— Problem —
The whole listing below is to be copied exactly, with every picture left out.

— Source data —
───

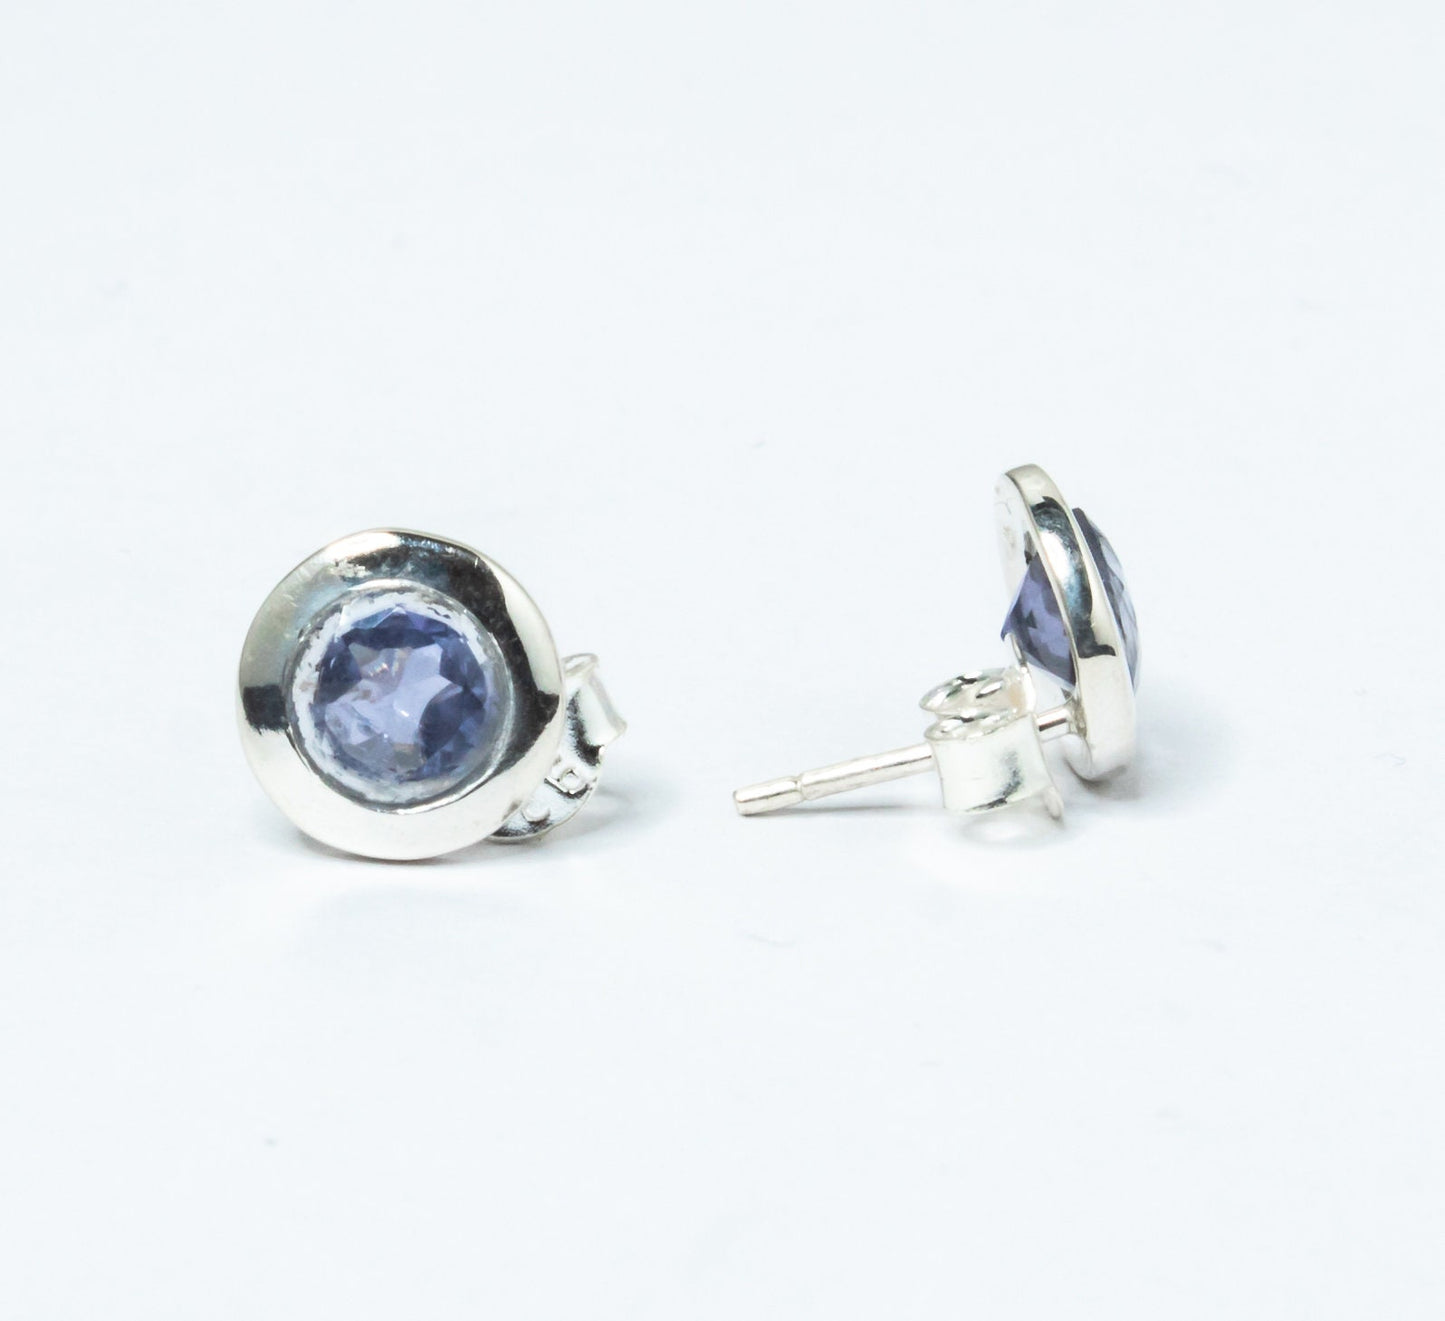 Genuine Iolite Round Cut Gems Solid 925 Sterling SILVER Round Stud Earrings, Sagittarius & Taurus Zodiac, September Birthstone, Australia, Zorbajewellers
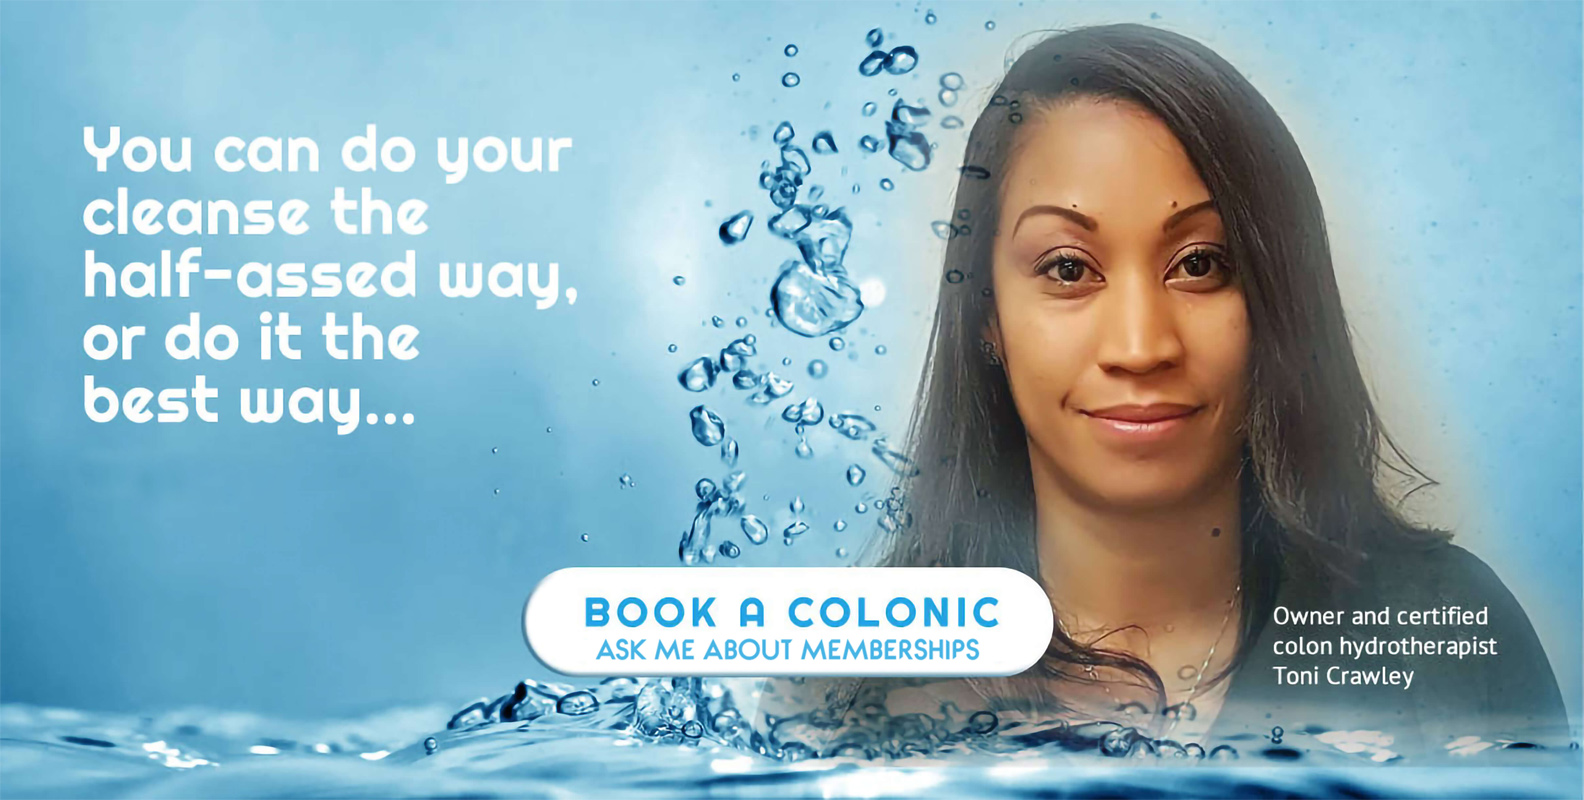 Book a Colonic at Aqualavage.com
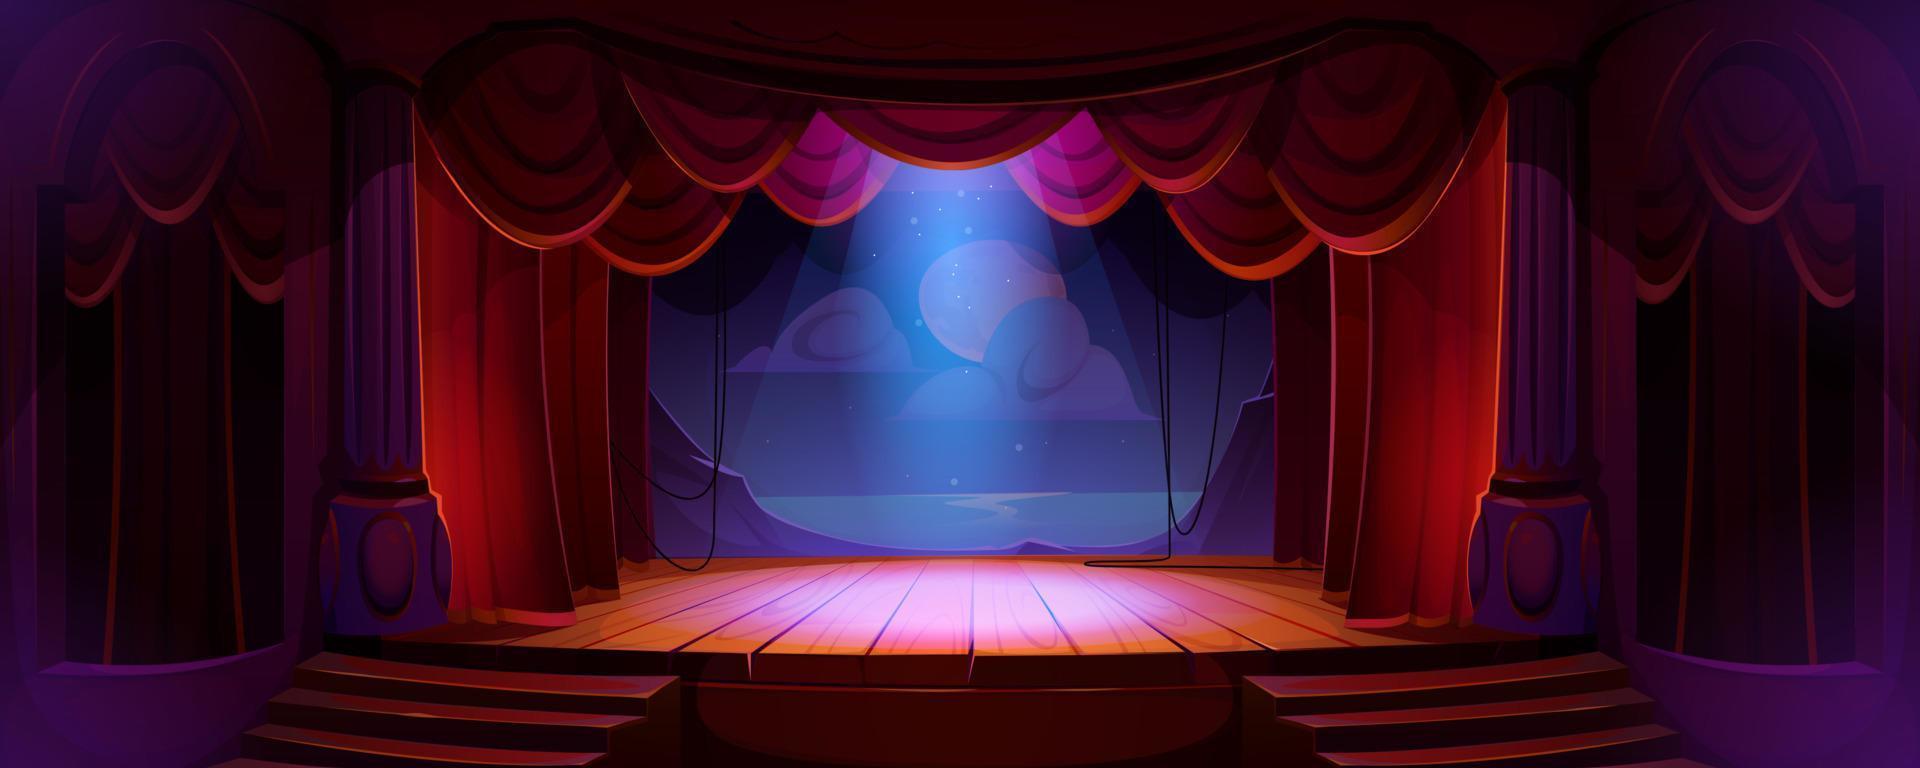 Teatro palcoscenico con rosso tende, faretti, arredamento vettore

───

— Solution below —
 Genuine Iolite Round Cut Gems Solid 925 Sterling SILVER Round Stud Earrings, Sagittarius & Taurus Zodiac, September Birthstone, Australia, Zorbajewellers
 Book a Colonic at Aqualavage.com
 Teatro palcoscenico con rosso tende, faretti, arredamento vettore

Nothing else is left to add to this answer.